* _Problem description_: Please, could you print all the lines below exactly, leaving out the pictures?

* _Data extract_:

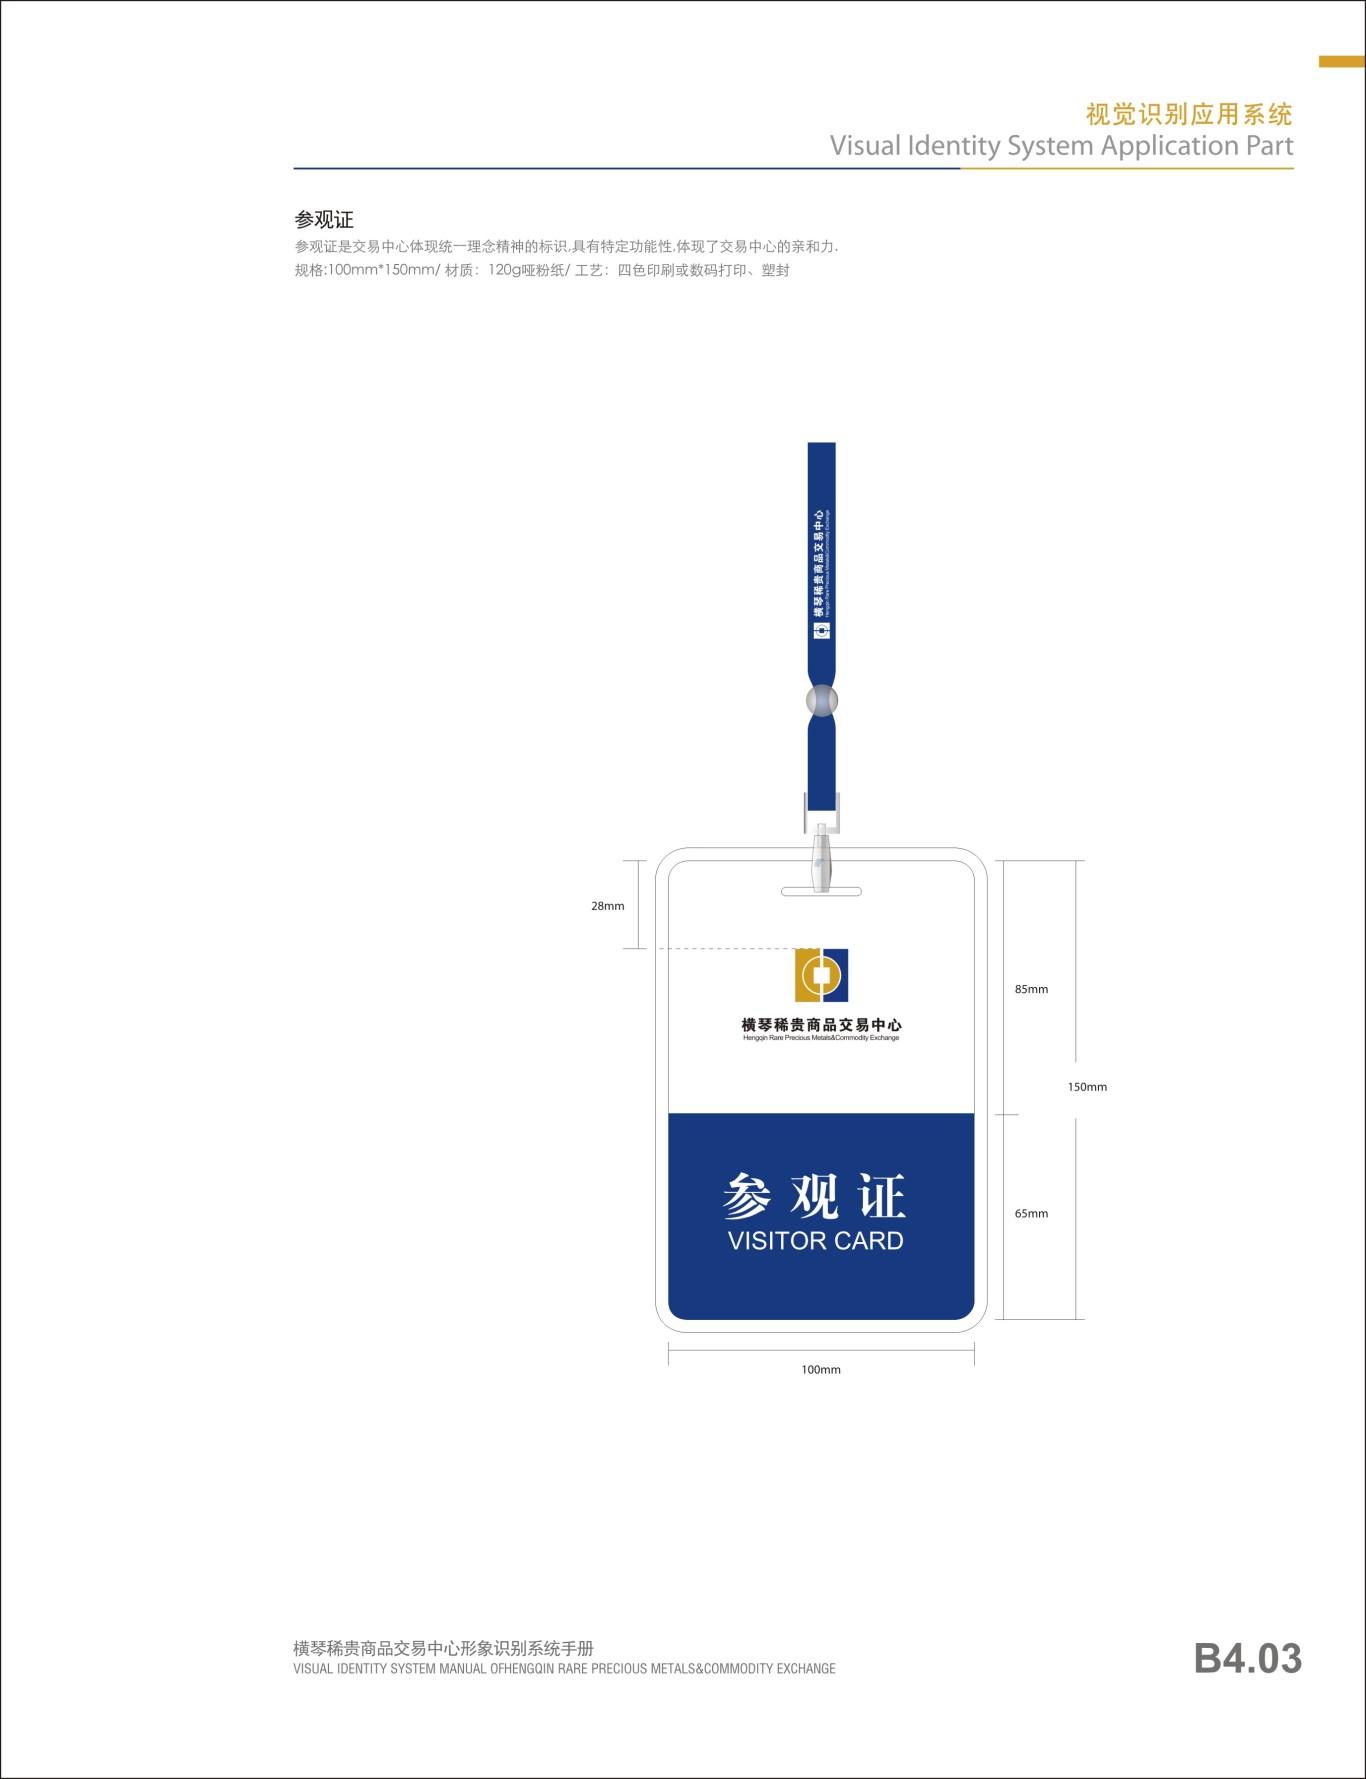 贵金属行业横琴稀贵VI手册设计图36
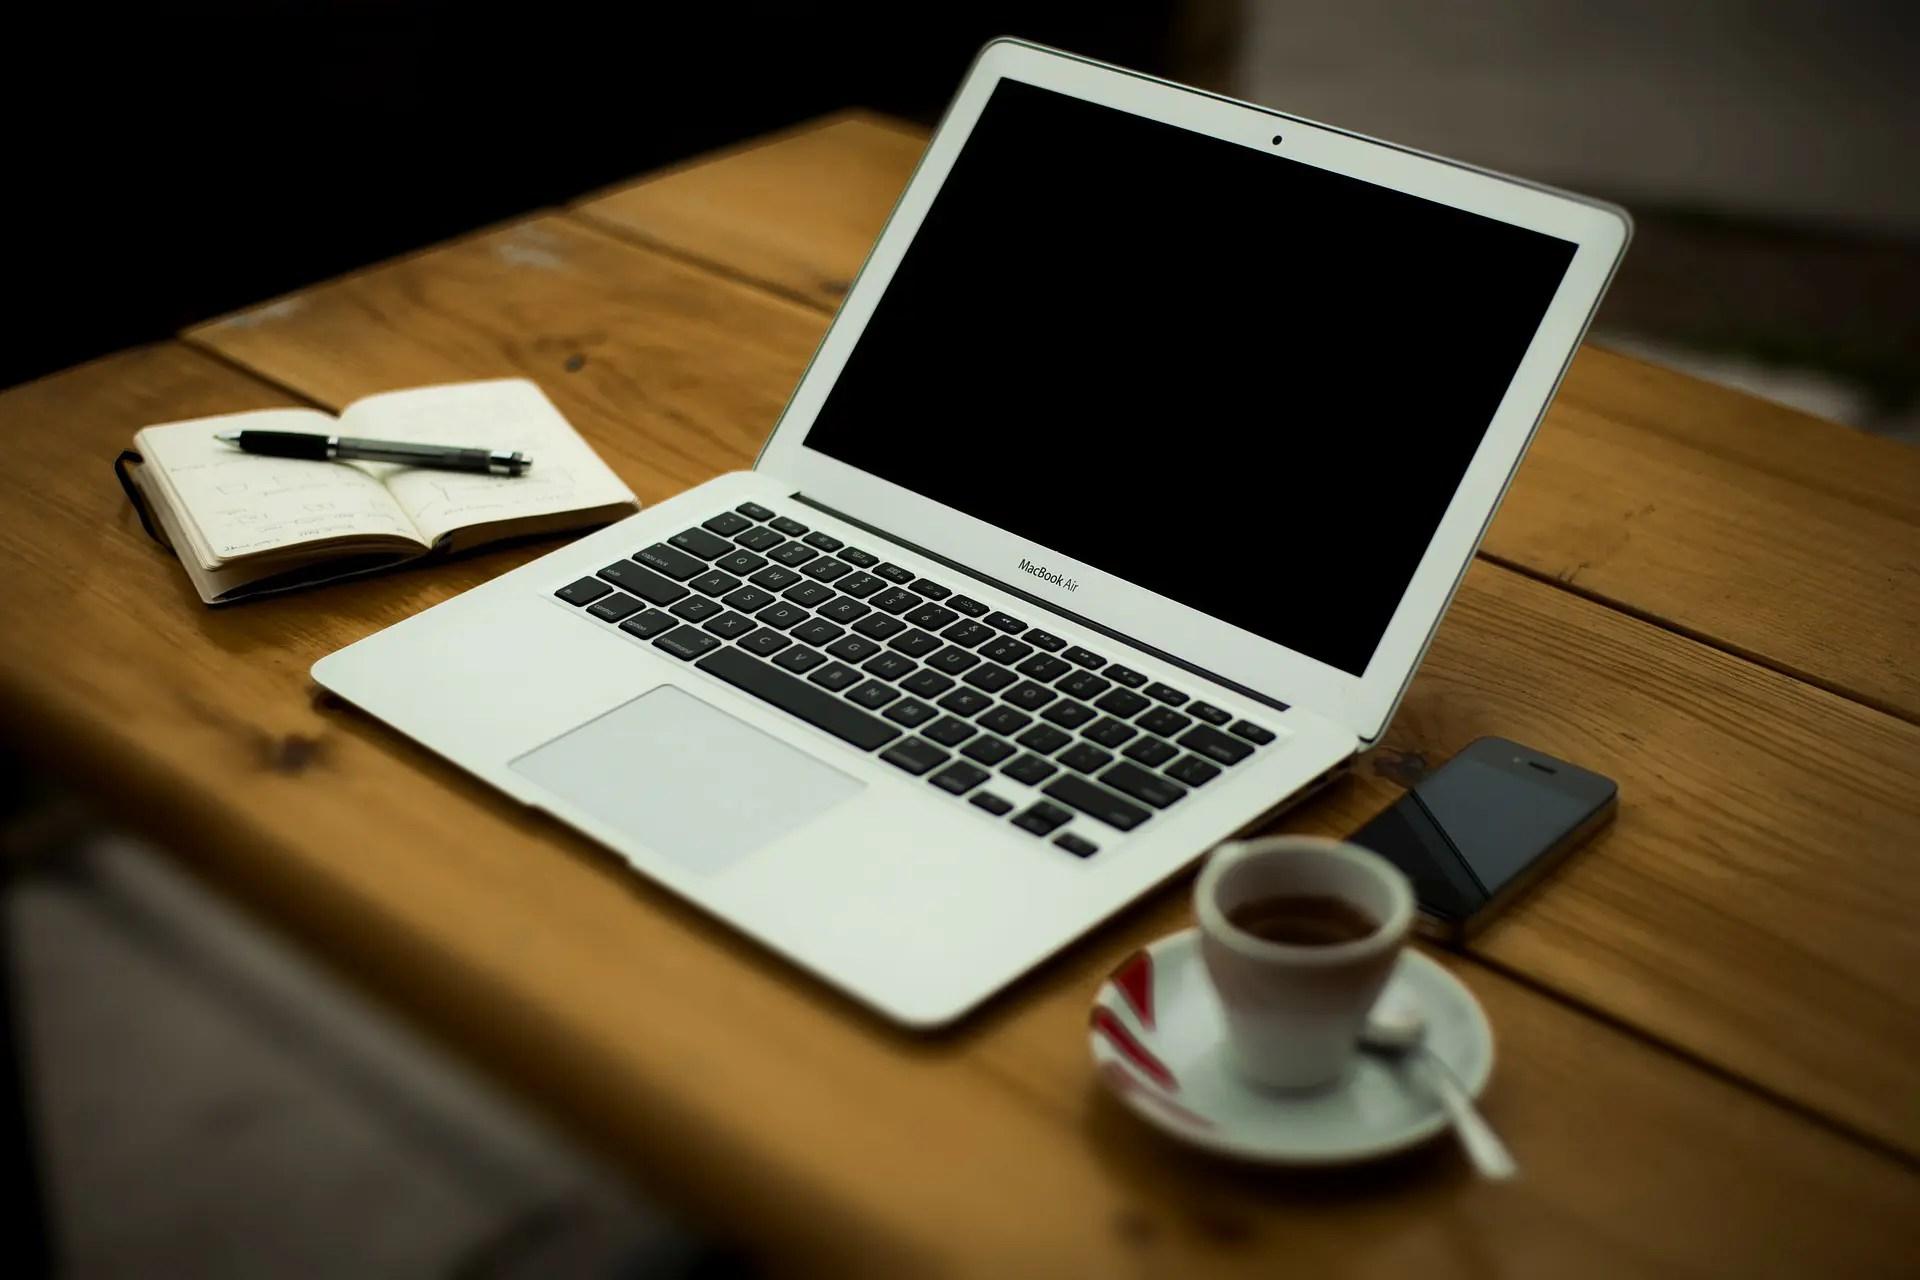 書くこと(ライティング)を学ぶことで
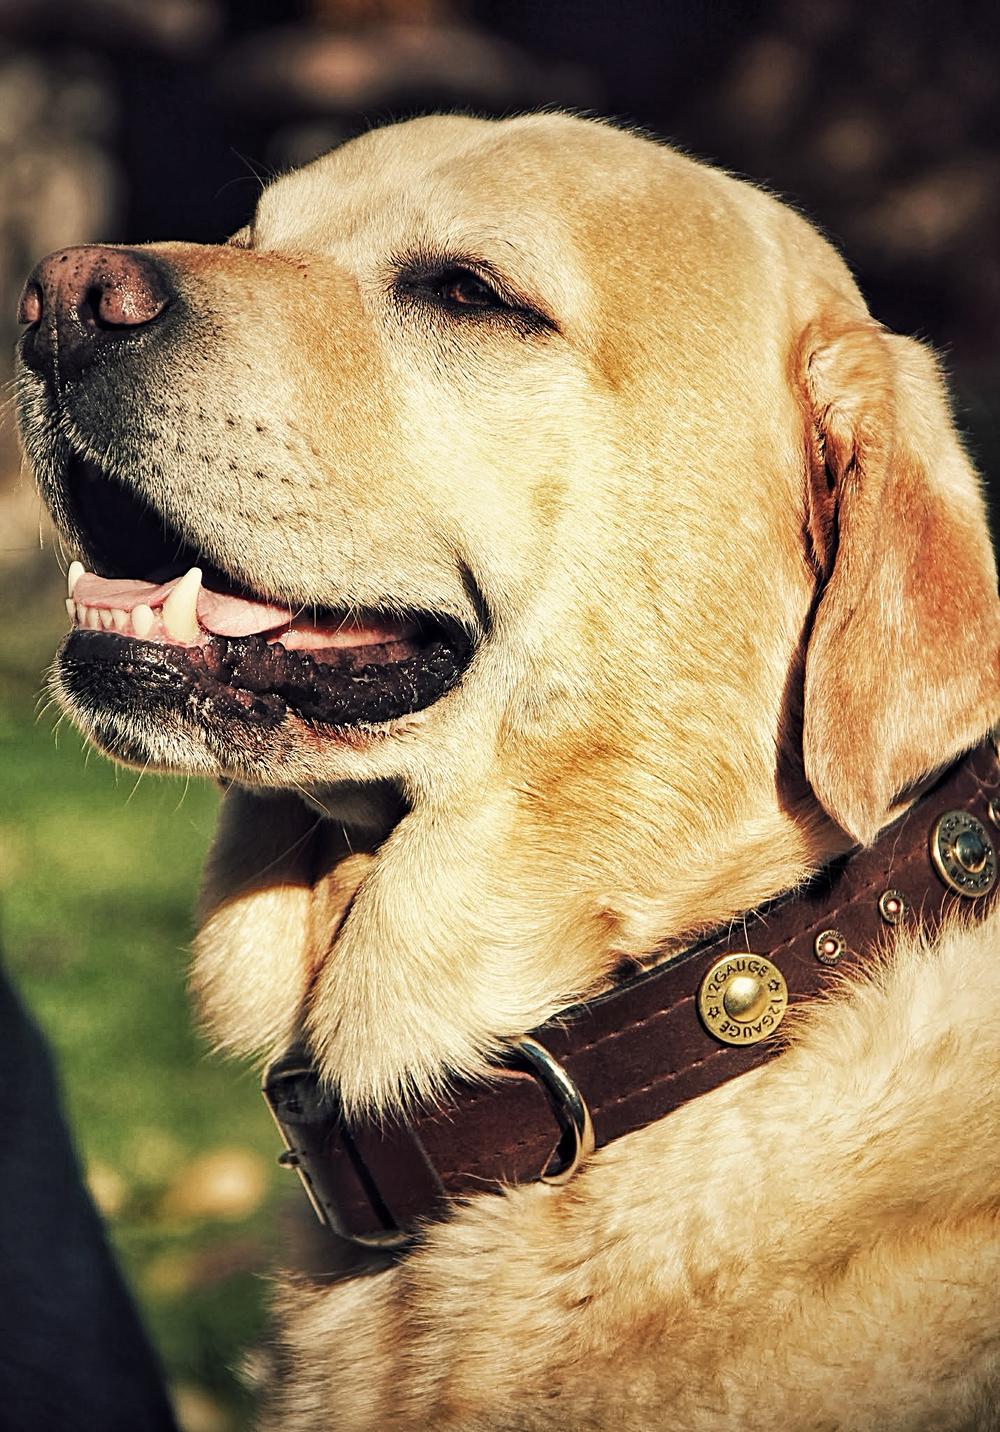 DogCollar006FINAL.jpg

* _Response to the exercise_:
 贵金属行业横琴稀贵VI手册设计图36
 書くこと(ライティング)を学ぶことで
 DogCollar006FINAL.jpg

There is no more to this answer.